Em uma nova entrevista com Nova York, Kimmel refletiu sobre o final do “The Late Show” e disse: “De muitas maneiras, sinto que estou olhando para o meu próprio futuro”, acrescentando que não sente que o formato noturno esteja “morrendo de causas naturais.

Colbert foi retirado do ar no mês passado no que a CBS disse ser um movimento “puramente financeiro” que coincidiu com os apelos do presidente Donald Trump para cancelar o programa – que frequentemente o criticava – enquanto a empresa-mãe da rede, Paramount, buscava a aprovação do governo para se fundir com a Skydance Media, apoiada pelo bilionário.

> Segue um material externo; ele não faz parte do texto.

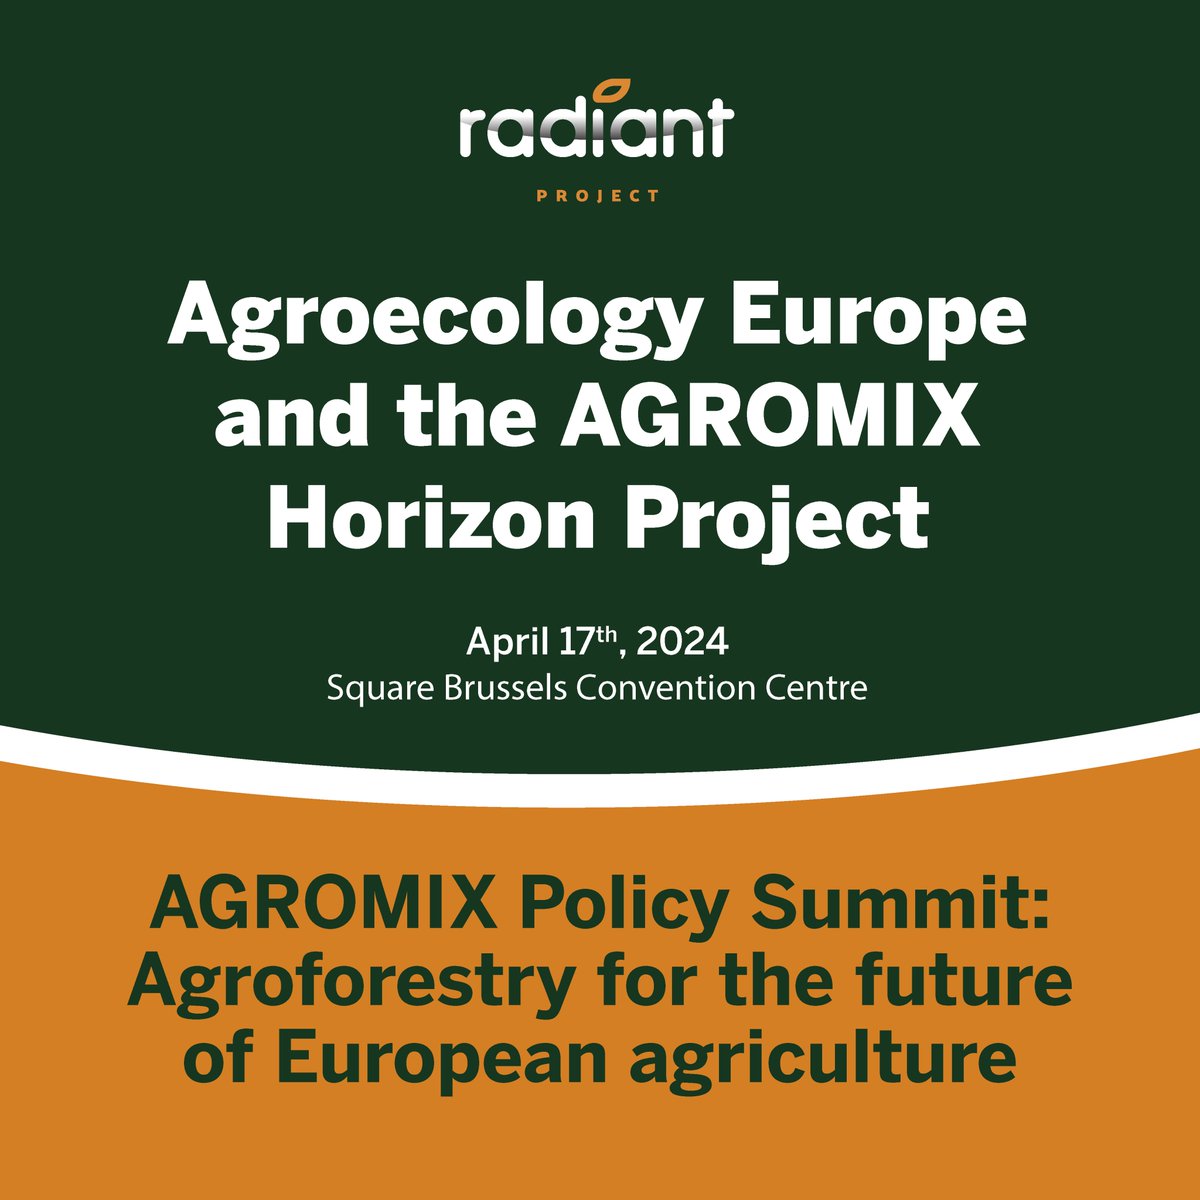 🌱 This month, join us at the AGROMIX Policy Summit to uncover all the best agroecological policy solutions! 👉 Register here: swki.me/83D72EWd #RADIANT #AGROMIX #PolicySummit
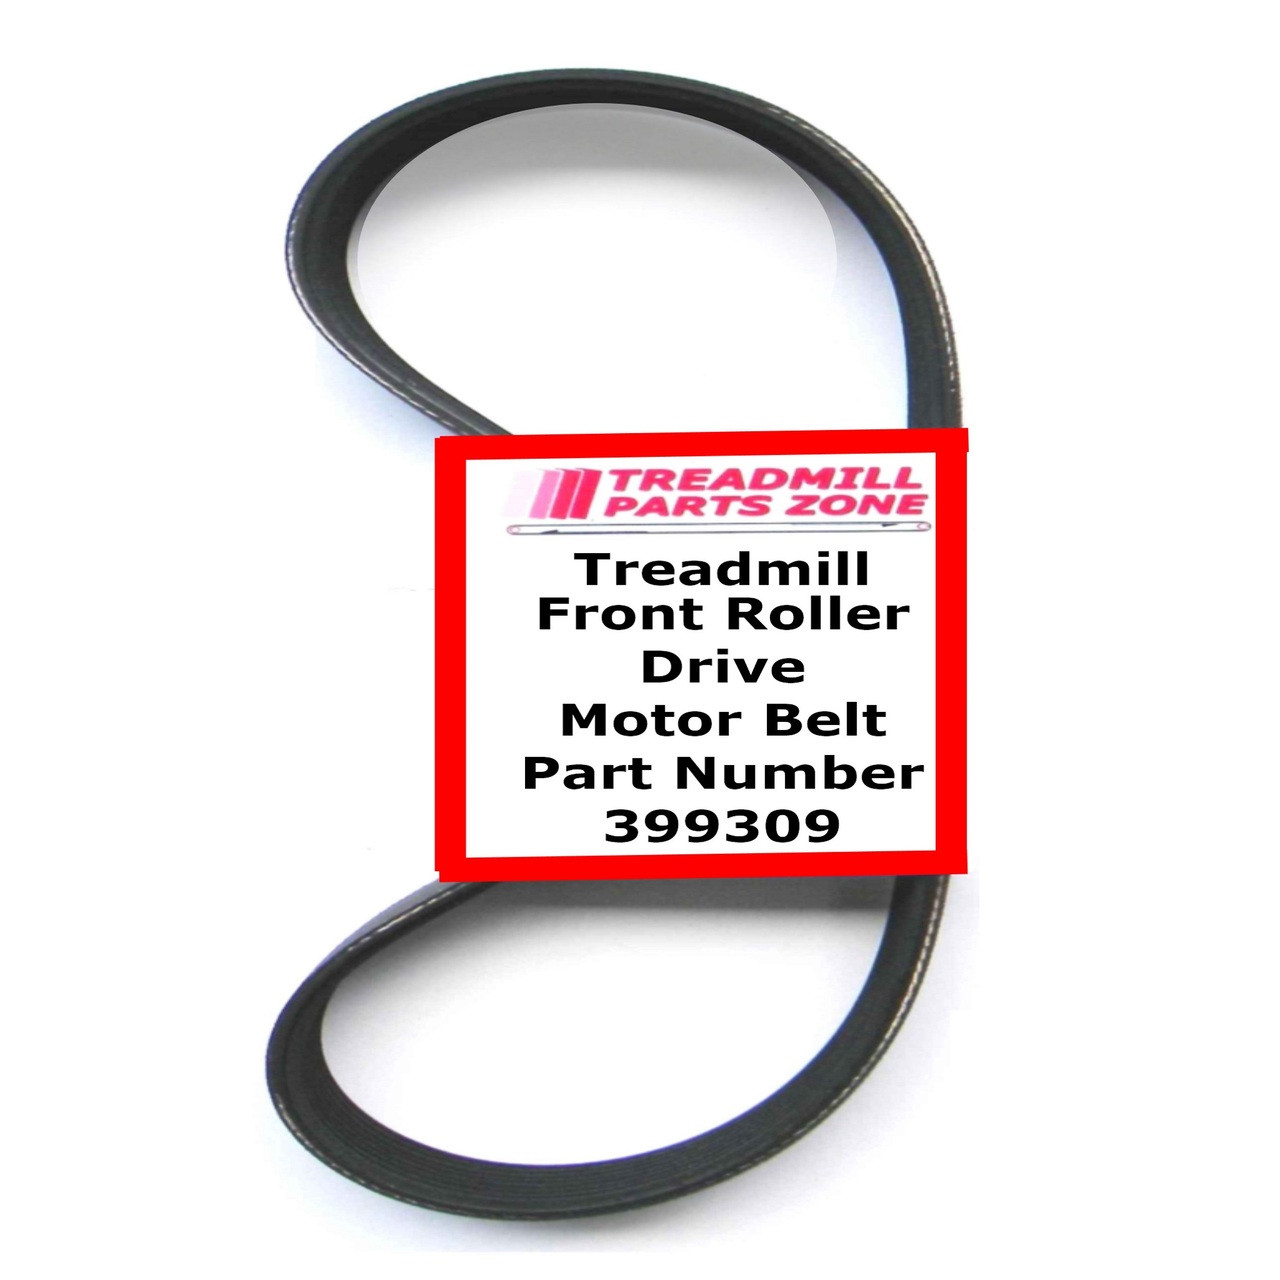 Sears Treadmill Model 25023.13 Drive Pulley Belt Part Number 399309
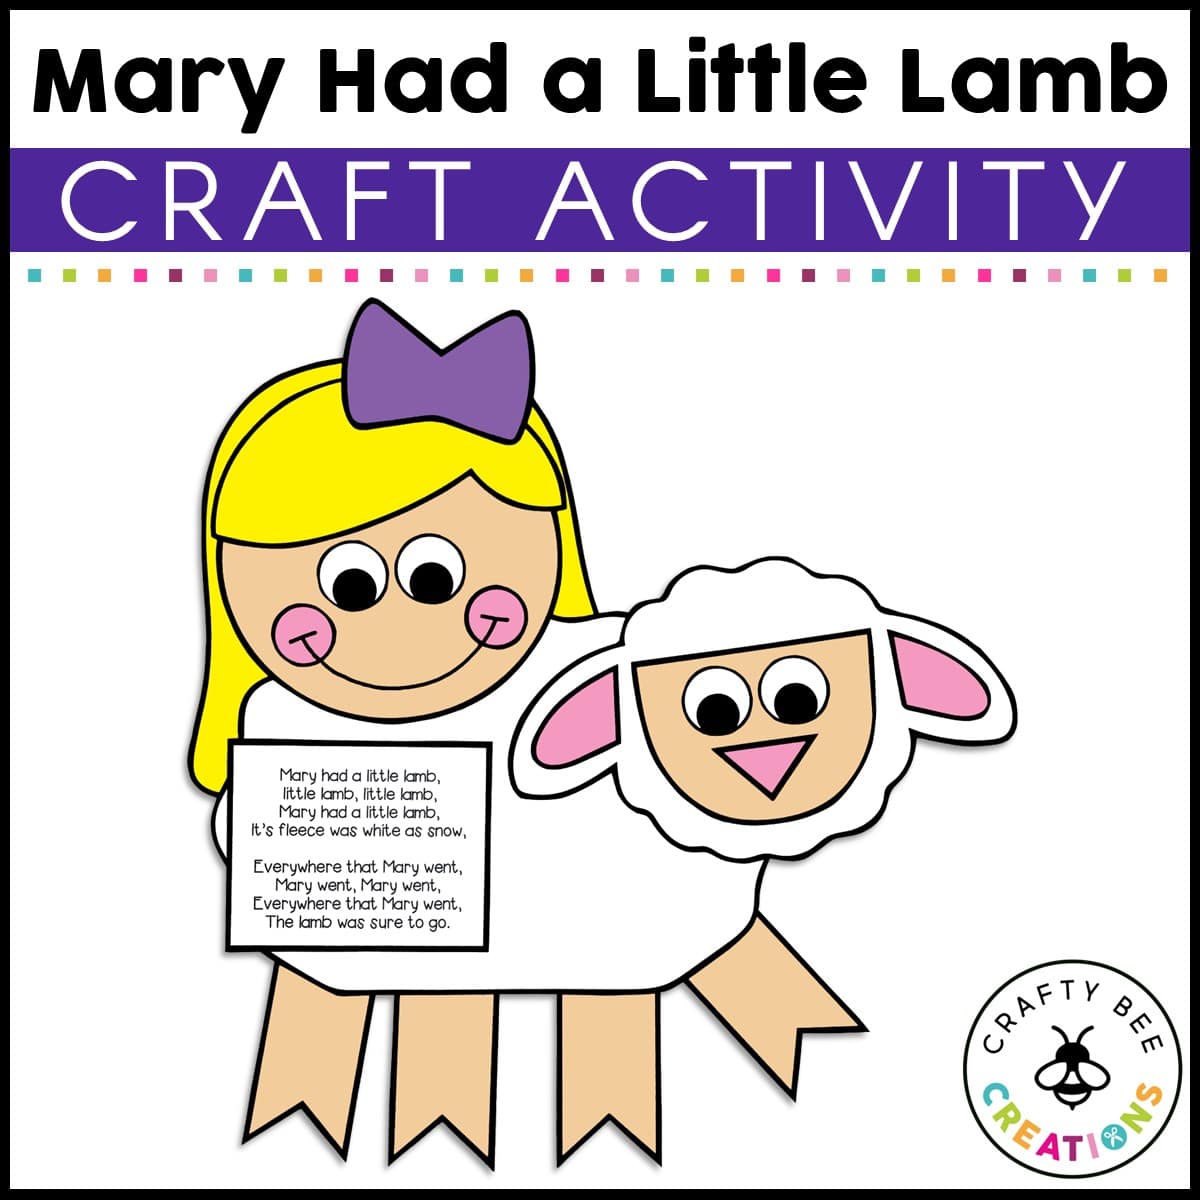 mary-had-a-little-lamb-craft-activity-crafty-bee-creations

Kimmel, 58, disse a Nova York que as alegações da CBS de que “The Late Show” estava perdendo mais de US$ 40 milhões por ano não batem certo, apontando para a tentativa da rede de assinar com Colbert um contrato de cinco anos em 2023: “Devo acreditar que ao longo desses dois anos, eles de repente começaram a perder US$ 40 milhões por ano?”

Ele disse que foi informado “bem especificamente” de que “Jimmy Kimmel Live!” ainda é lucrativo para a ABC, enquanto Kimmel atrai rotineiramente menos espectadores do que Colbert, embora seu programa tenha vencido rotineiramente no grupo demográfico de 18 a 49 anos, um fator importante para os anunciantes.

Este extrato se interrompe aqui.